How can I read Automatic De-Identification of Medical Case Narratives in Reports of Suspected Adverse Drug ... on my mobile device?

After downloading Automatic De-Identification of Medical Case Narratives in Reports of Suspected Adverse Drug ... PDF, you can open it with any PDF reader app on your phone or tablet. We recommend using Adobe Acrobat Reader, Apple Books, or Google Play Books for the best reading experience.

Is this the full version of Automatic De-Identification of Medical Case Narratives in Reports of Suspected Adverse Drug ...?

Yes, this is the complete PDF version of Automatic De-Identification of Medical Case Narratives in Reports of Suspected Adverse Drug ... by Unknow. You will be able to read the entire content as in the printed version without missing any pages.

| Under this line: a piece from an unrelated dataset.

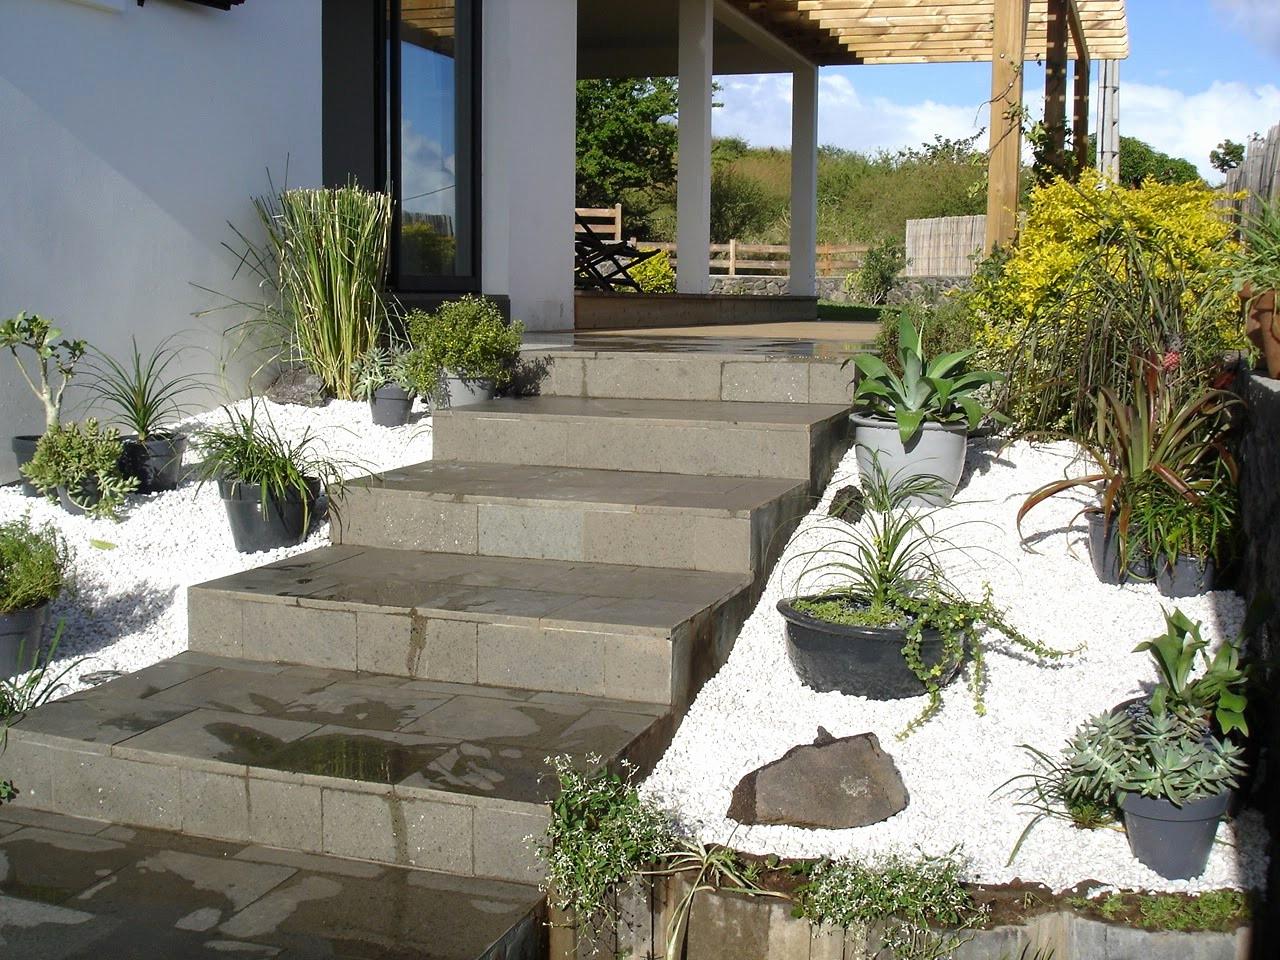 Jardin Devant Maison Moderne – Gamboahinestrosa avec Parterre Devant Maison Moderne
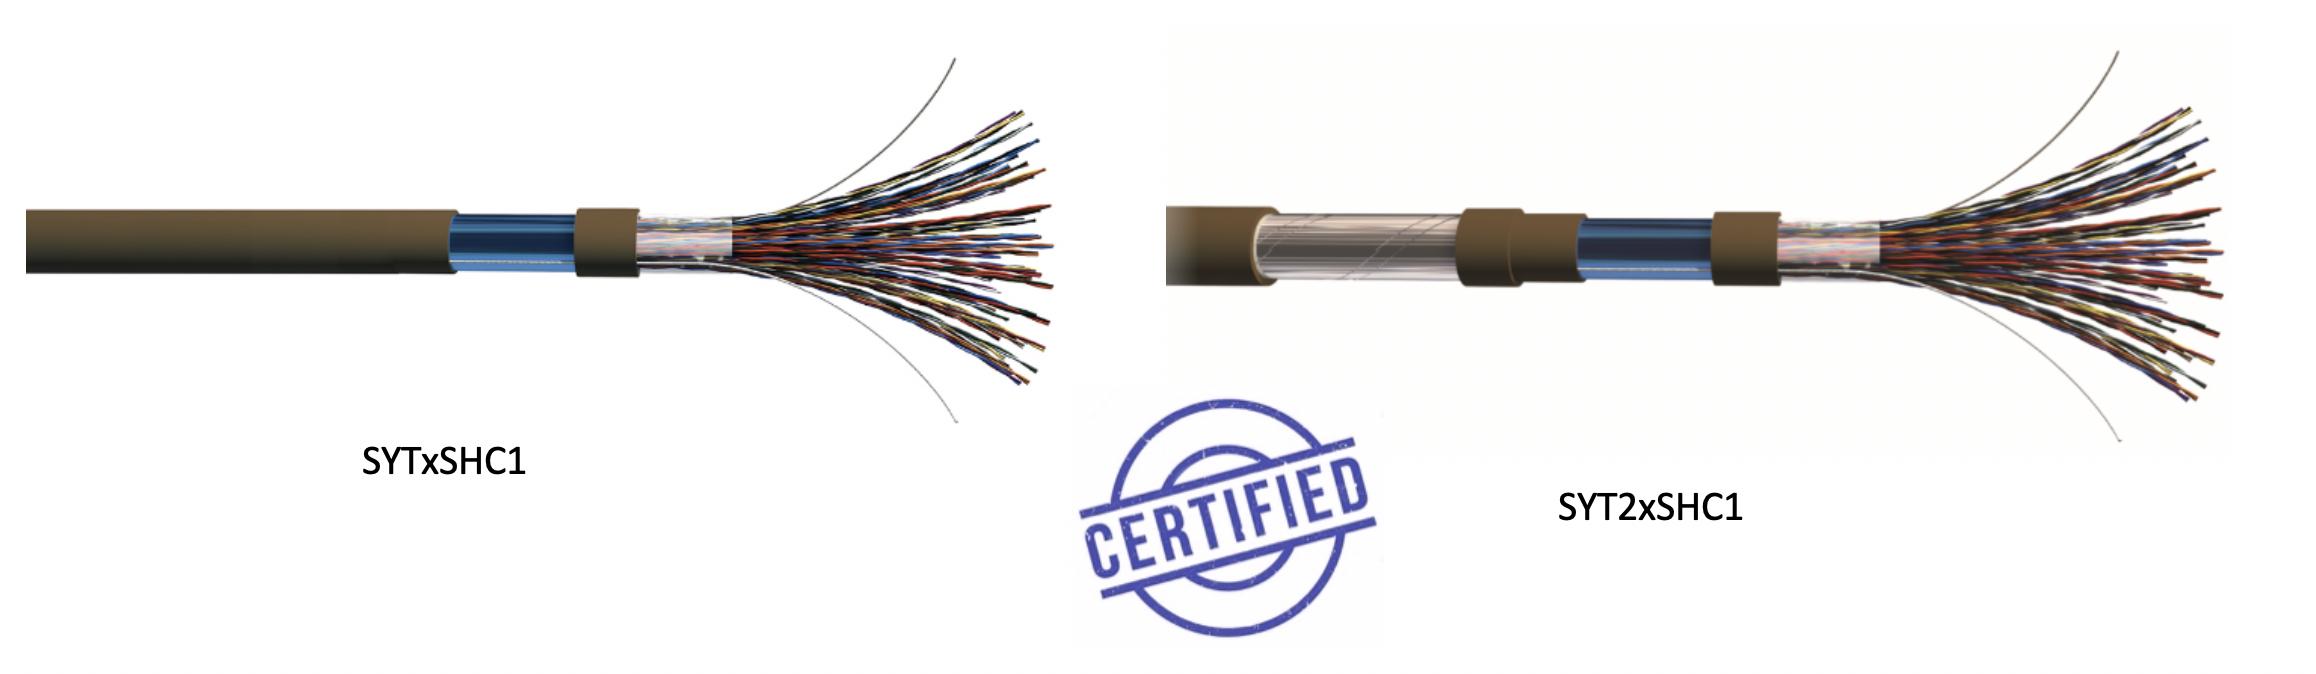 Câble SYT et câble SYT2 certifié LSZH

Is it legal to download Automatic De-Identification of Medical Case Narratives in Reports of Suspected Adverse Drug ... PDF for free?

https://PDFdrive.to provides links to free educational resources available online. We do not store any files on our servers. Please be aware of copyright laws in your country before downloading.

The materials shared are intended for research, educational, and personal use in accordance with fair use principles.